C’est là, je crois, en quelques mots, la portée générale du premier discours
d’Éliphaz dans les chapitres 4 et 5.
Il est toutefois un fait trop remarquable pour que nous ne nous y arrêtions pas,
à savoir que l’Esprit de Dieu cite comme faisant partie des Écritures, des
paroles que l’Éternel juge à la fin du livre comme ayant donné non seulement une
fausse appréciation de Job, mais aussi de Lui-même. Ces paroles ne sont pas ce
que l’Éternel dit à la fin, ni ce qu’exprime Élihu dans le débat, en qualité
d’interprète, ni même le plaidoyer de Job. Ce sont les paroles d’Éliphaz qui
sont citées par l’apôtre Paul dans le Nouveau Testament. C’est là un fait très
frappant. Dieu lui-même déclare que les amis de Job n’avaient pas parlé comme il
convenait; cependant, le Saint Esprit nous donne leurs discours par inspiration
et emploie les paroles de l’un d’eux, comme faisant partie des Écritures.

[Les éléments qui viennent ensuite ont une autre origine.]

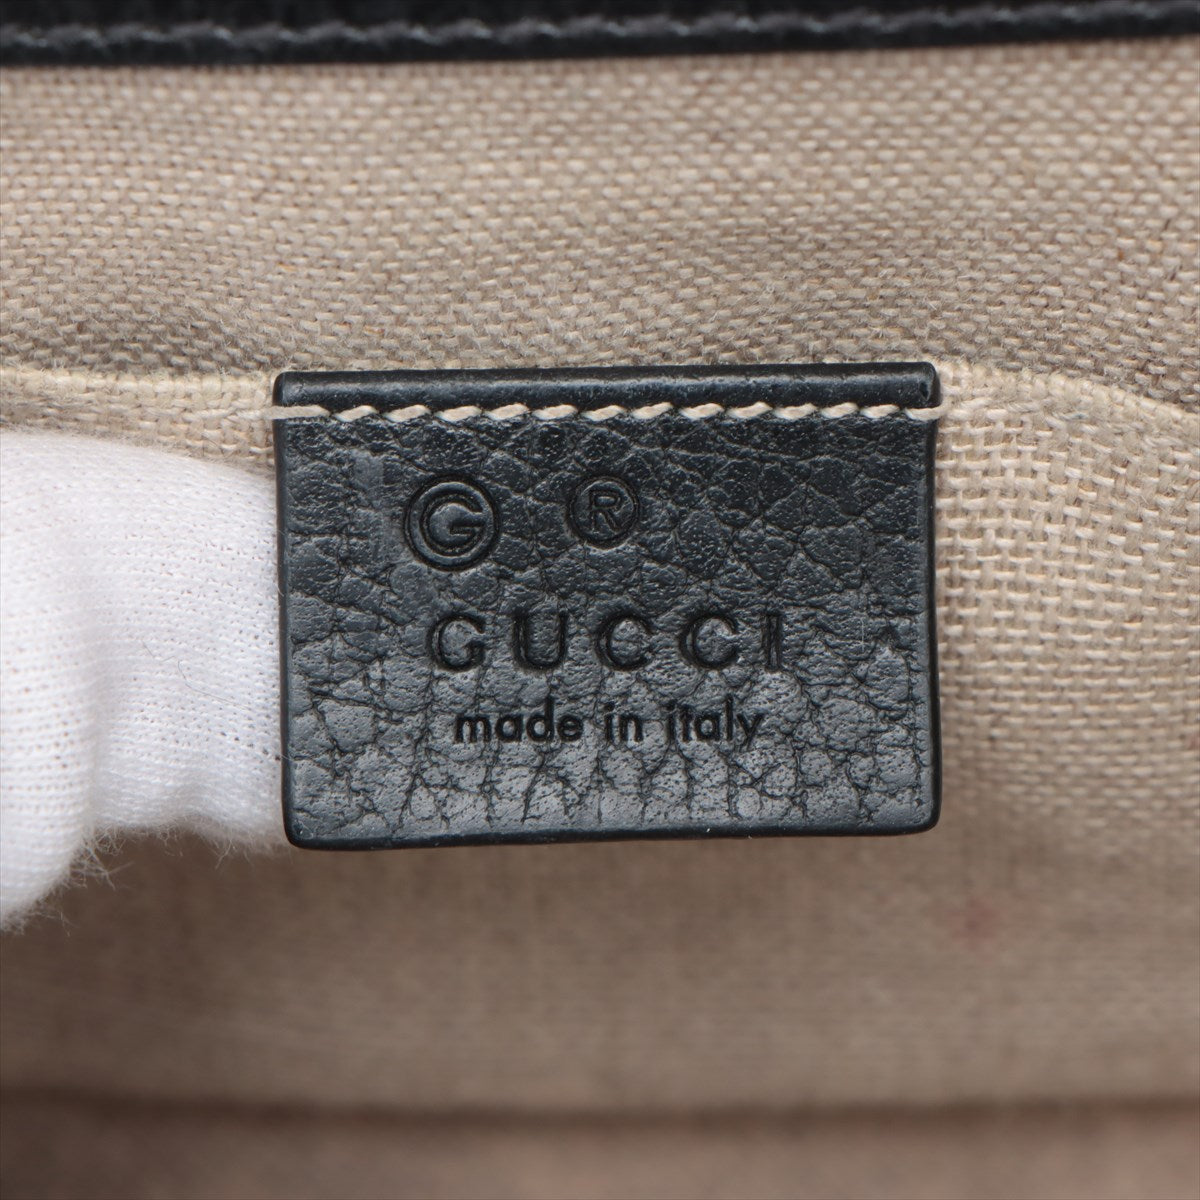 Gucci Interlocg G Leather Chain Shoulder Bag Black 510304
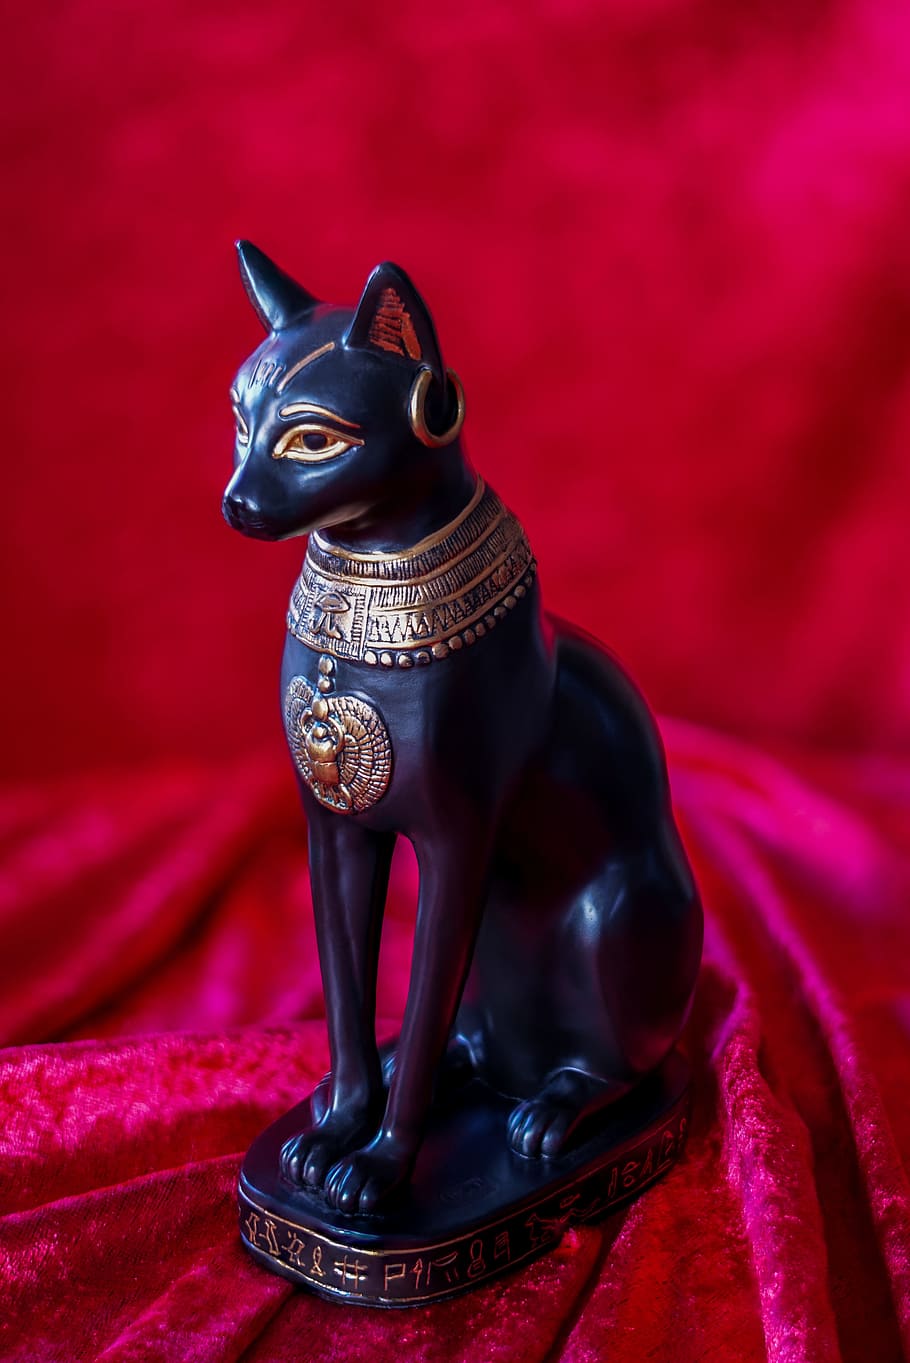 bastet figurine, bastet cat, egypt, cat sculpture, statue, egyptian cat goddess, florencia, symbol, symbolic, mystical

Assurément ces deux points de vue s’accordent sans peine. Il suffit d’examiner
les paroles d’Éliphaz pour se rendre compte qu’elles ne contiennent rien qui ne
soit selon la vérité. En revanche, si nous en pesons l’application qu’il en fait
à Job, elles sont gravement erronées. Combien sont sages les voies du Seigneur
et de quelle profondeur admirable sont les enseignements de la Parole!
Dans la première épître aux Corinthiens, comme dans celle aux Hébreux, le
Nouveau Testament cite les paroles d’Éliphaz, mais là l’application en est
parfaitement juste.
Dans l’histoire de Job, il n’en est pas ainsi, et ses amis sont l’objet de la
répréhension divine pour leurs paroles, tandis que l’application en est aussi
juste que la portée, lorsque l’Esprit les cite dans le Nouveau Testament; tout
est à sa place. C’est un exemple frappant de la manière merveilleuse dont Dieu
fait face à tout selon sa propre sagesse; nous disons cela en passant.